[[ SOURCE DATA, beginning ]]
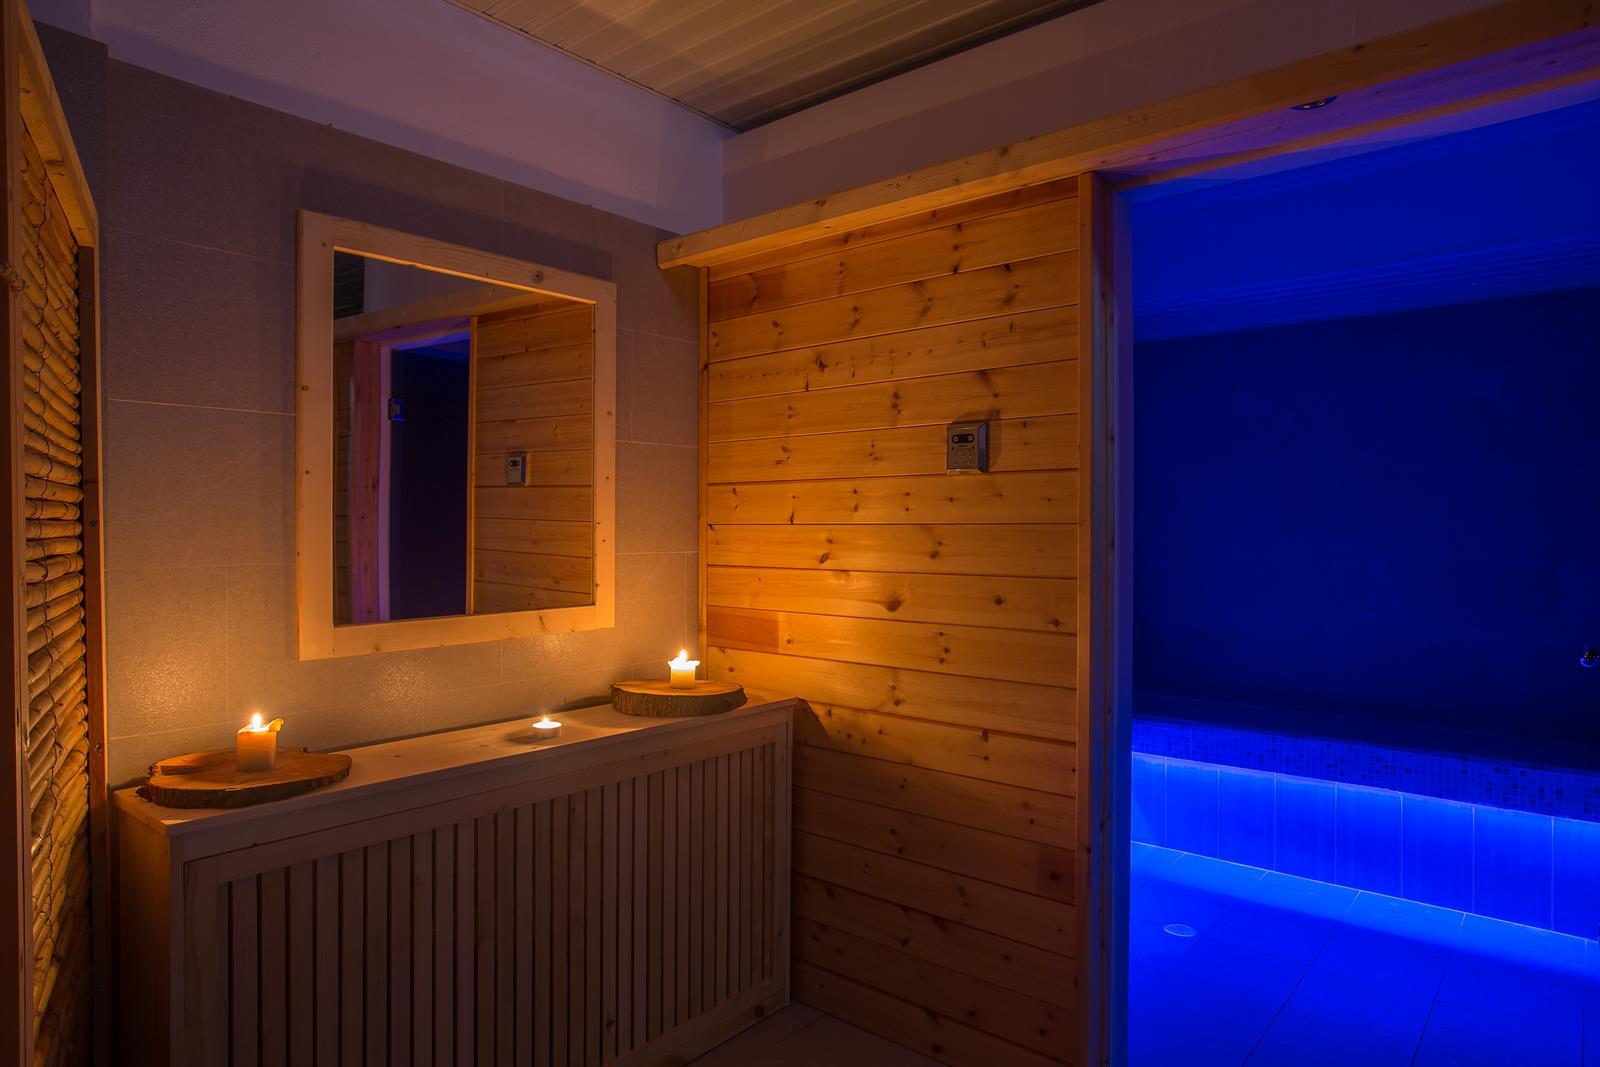 κυπαρισσία ξενοδοχείο με σπα - Natura Club & Spa
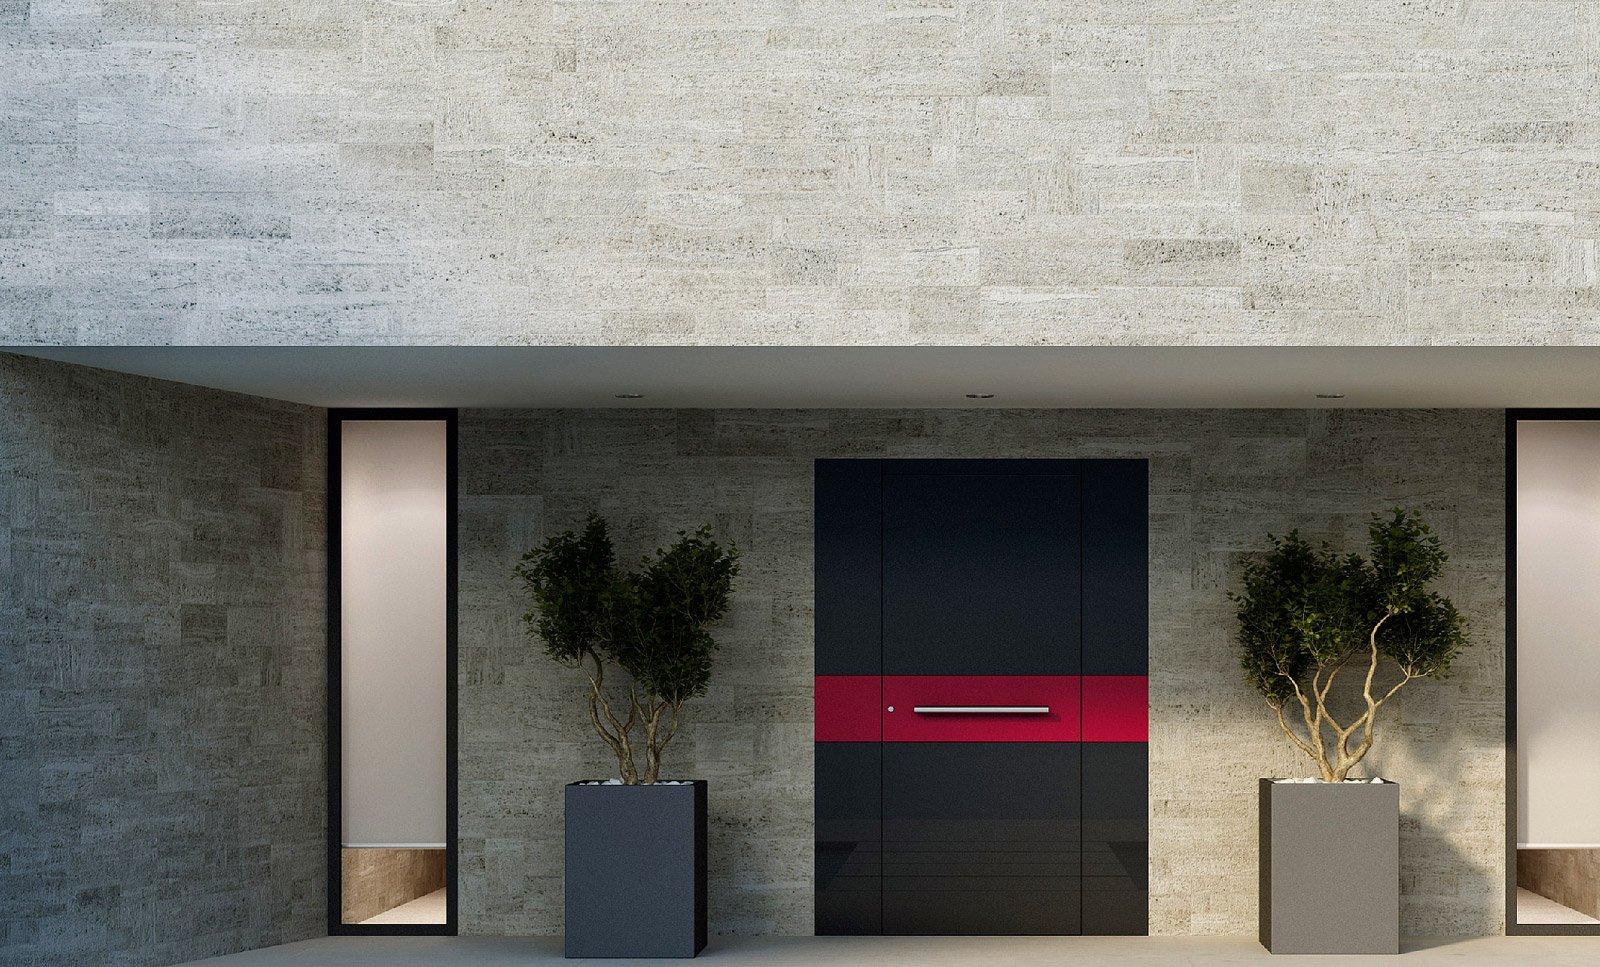 Ingressi protetti all 39 interno e all 39 esterno cose di casa for Ville design esterni
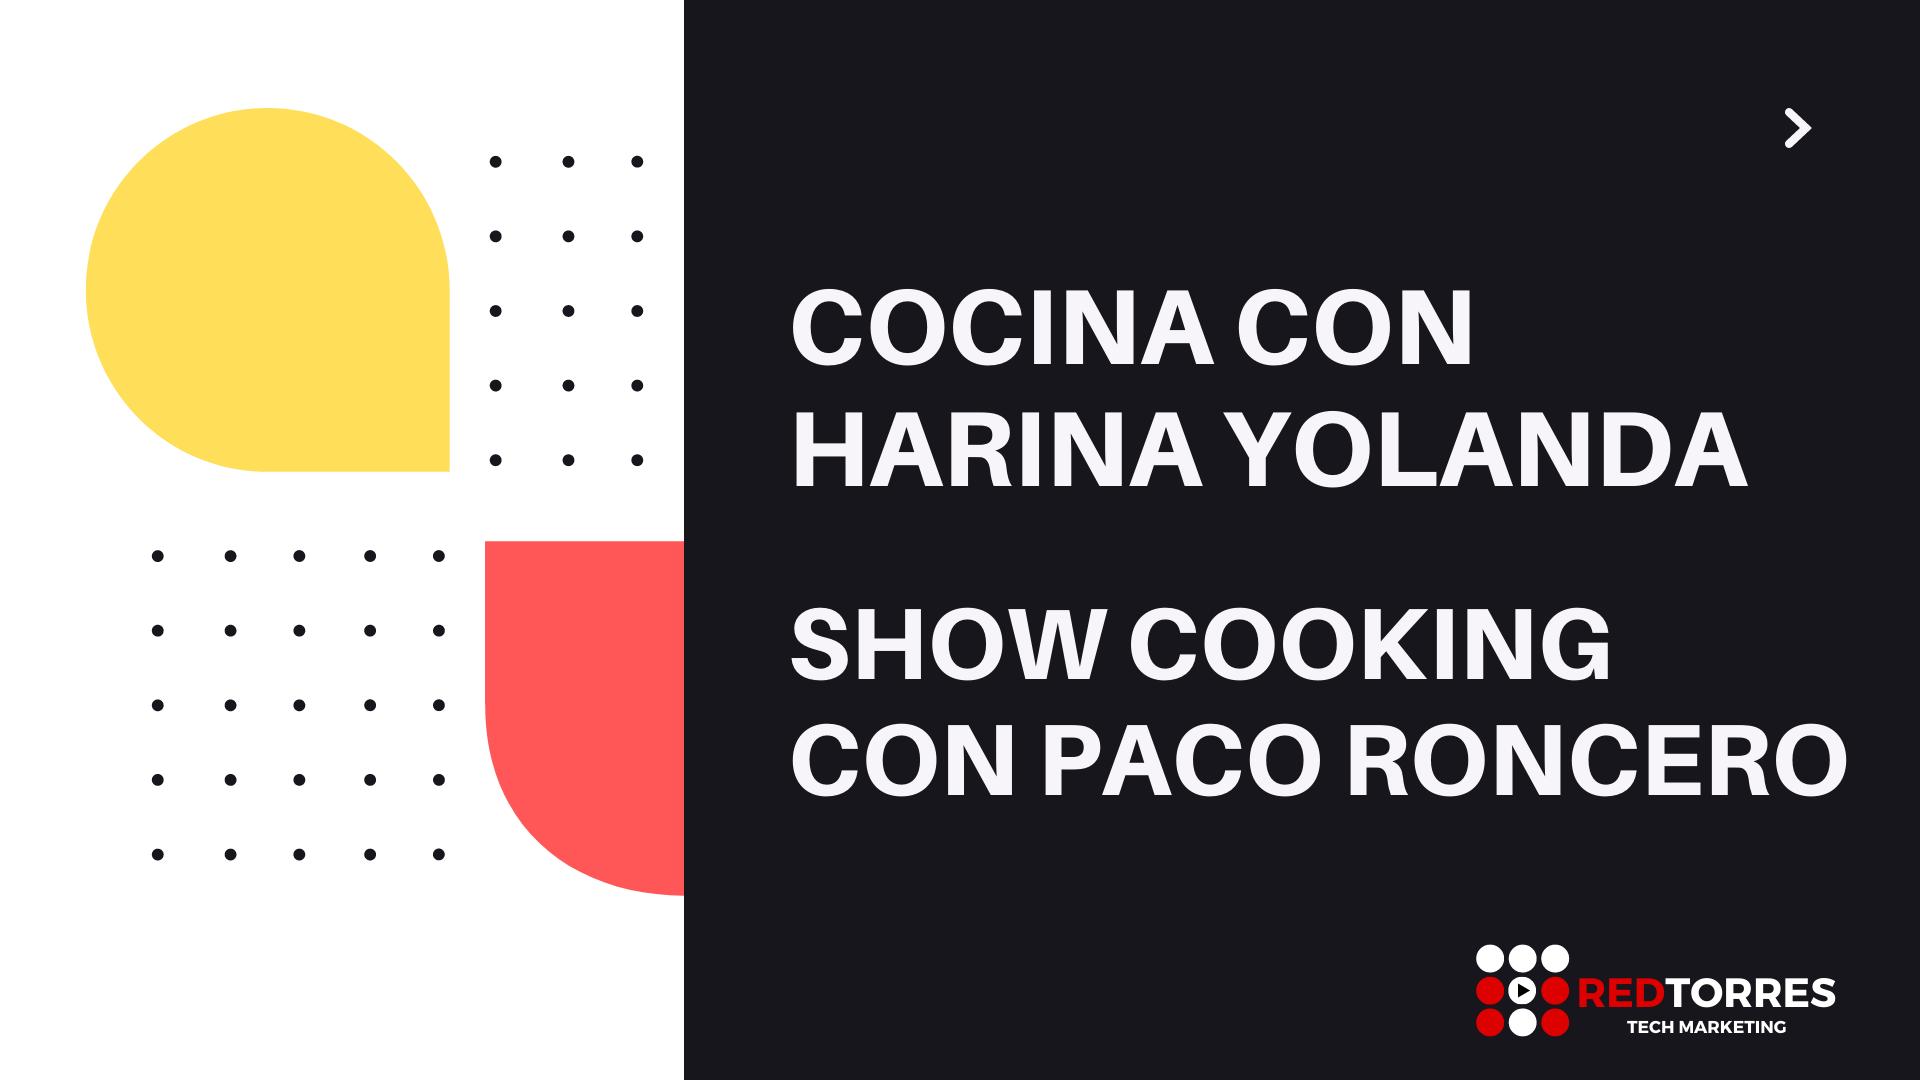 Video Showcooking y Recetas Paco Roncero para Harina Yolanda | REDTORRES
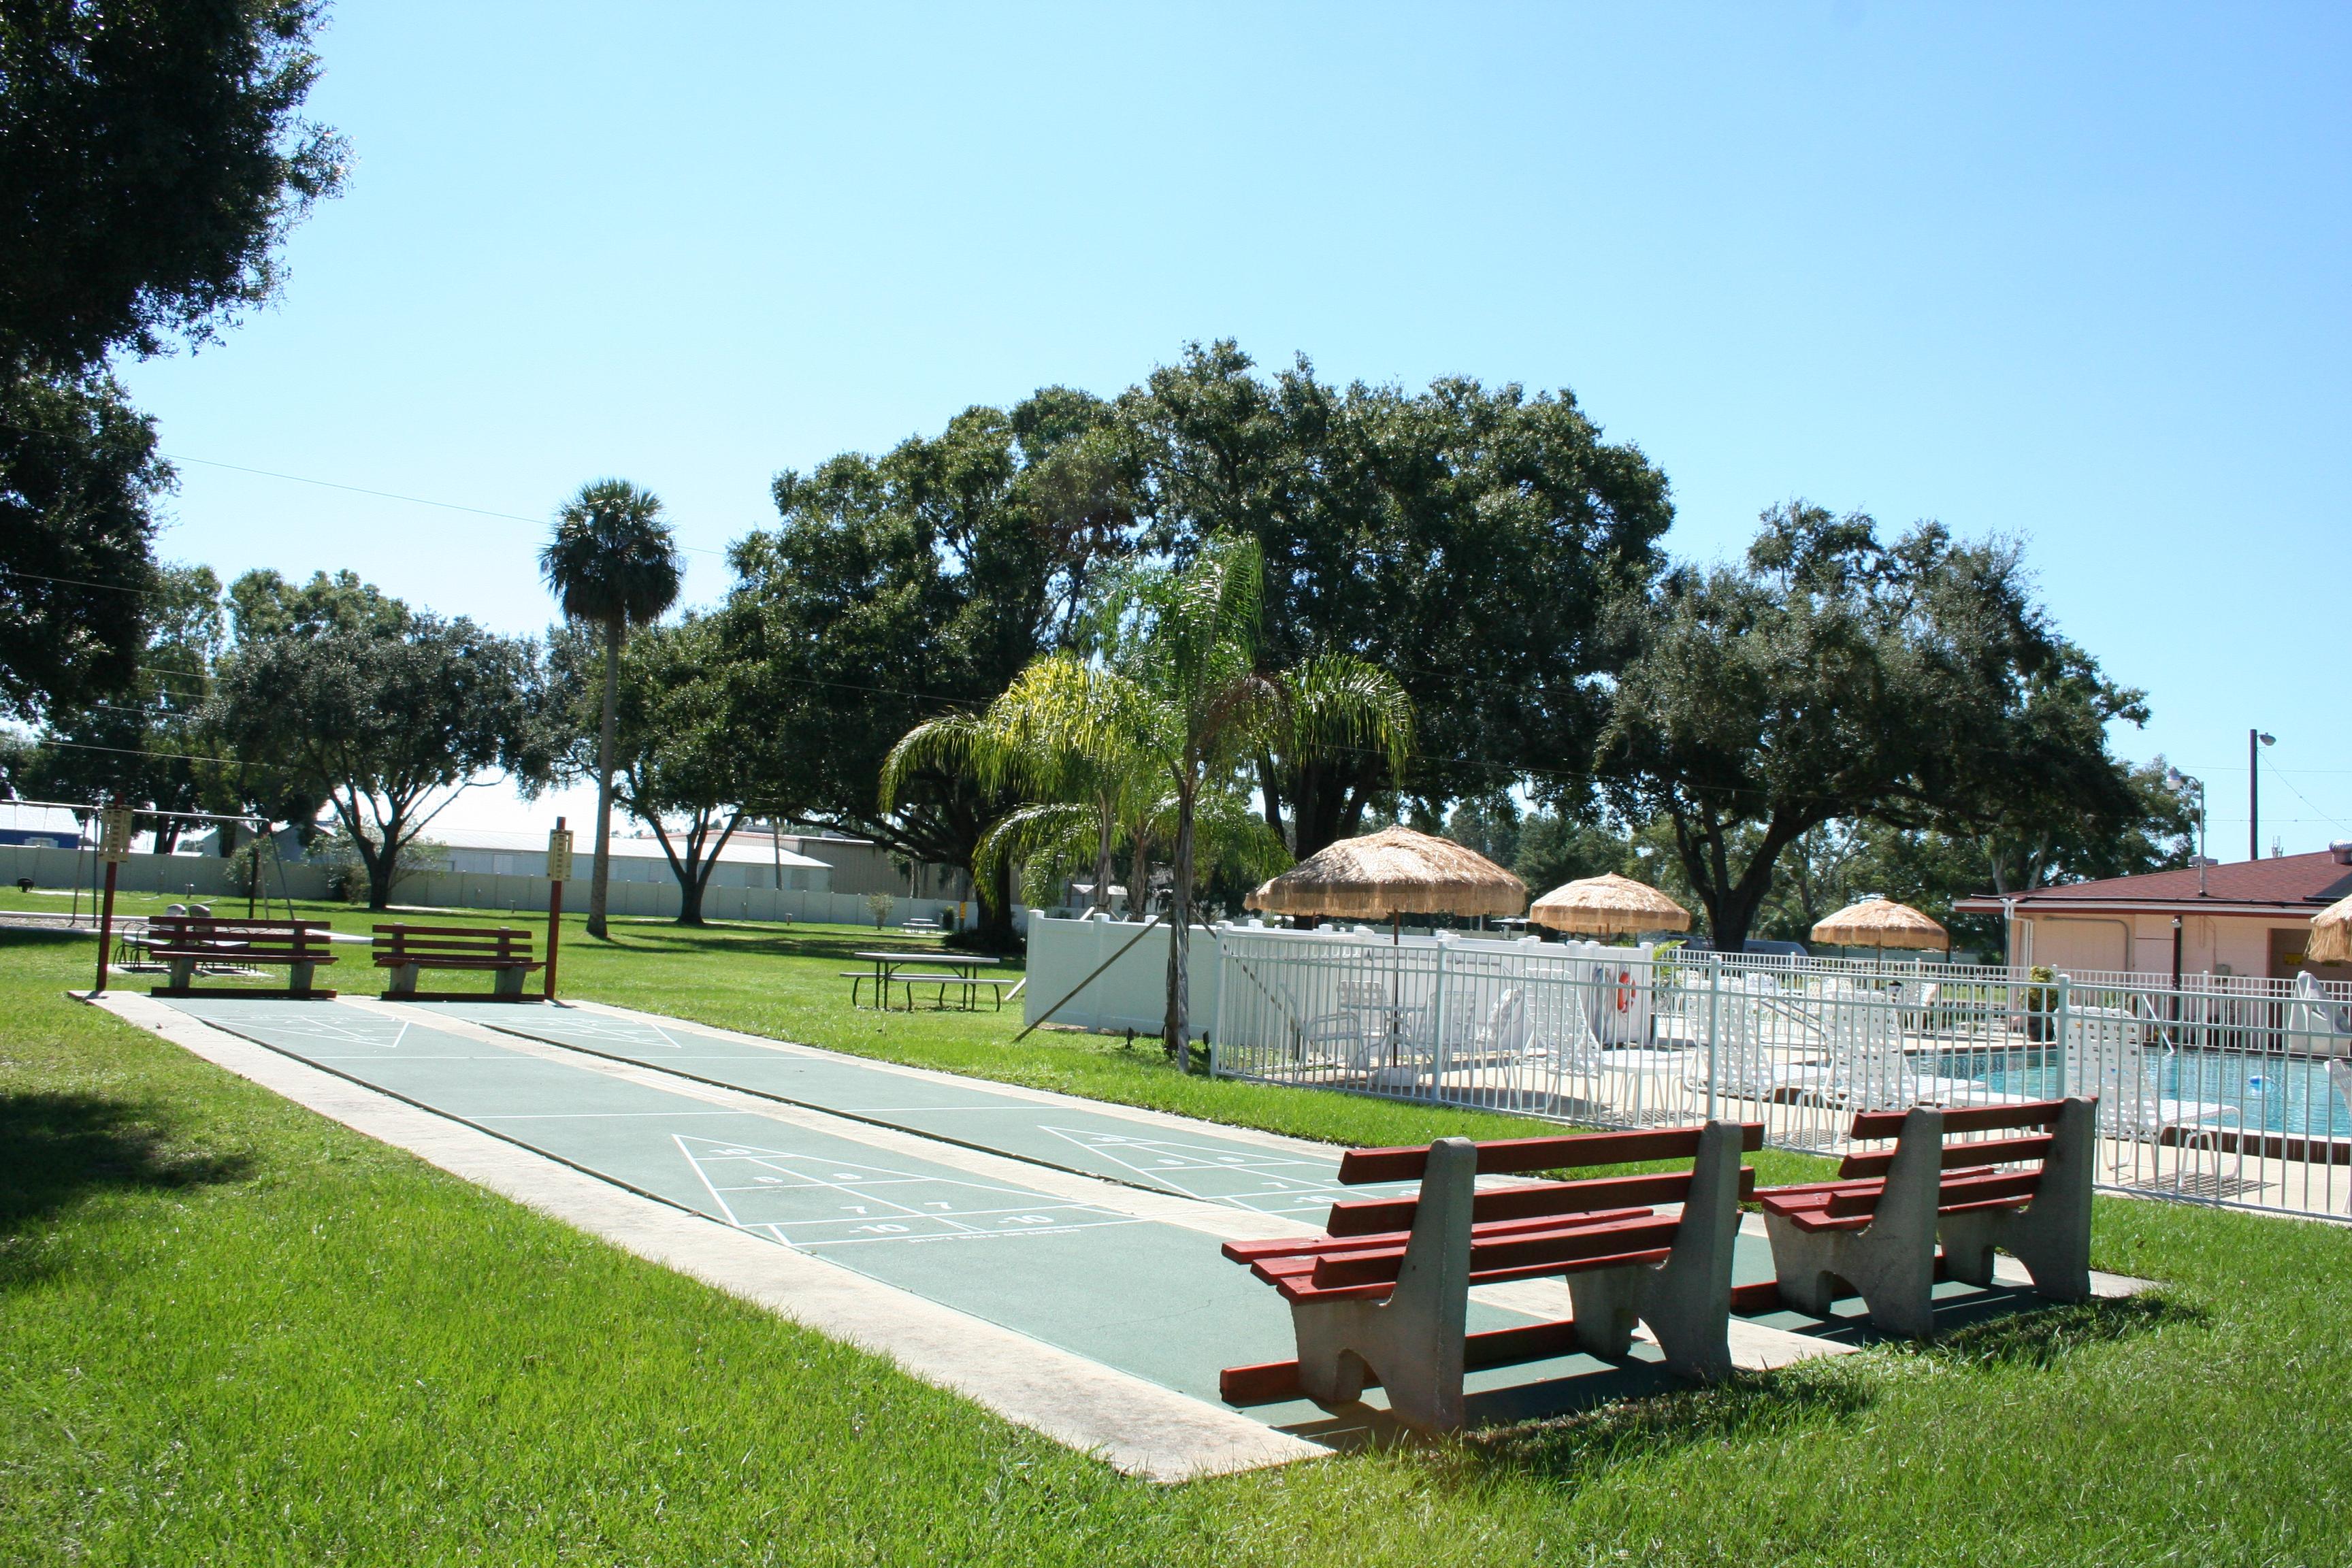 Shuffleboard courts.
[[ SOURCE DATA, end ]]
- WORK TASK
Give back exactly the lines from the line with "Video Showcooking y" through the end of the material above, inclusive, with no pictures.

- RESPONSE AREA
 Video Showcooking y Recetas Paco Roncero para Harina Yolanda | REDTORRES
 Shuffleboard courts.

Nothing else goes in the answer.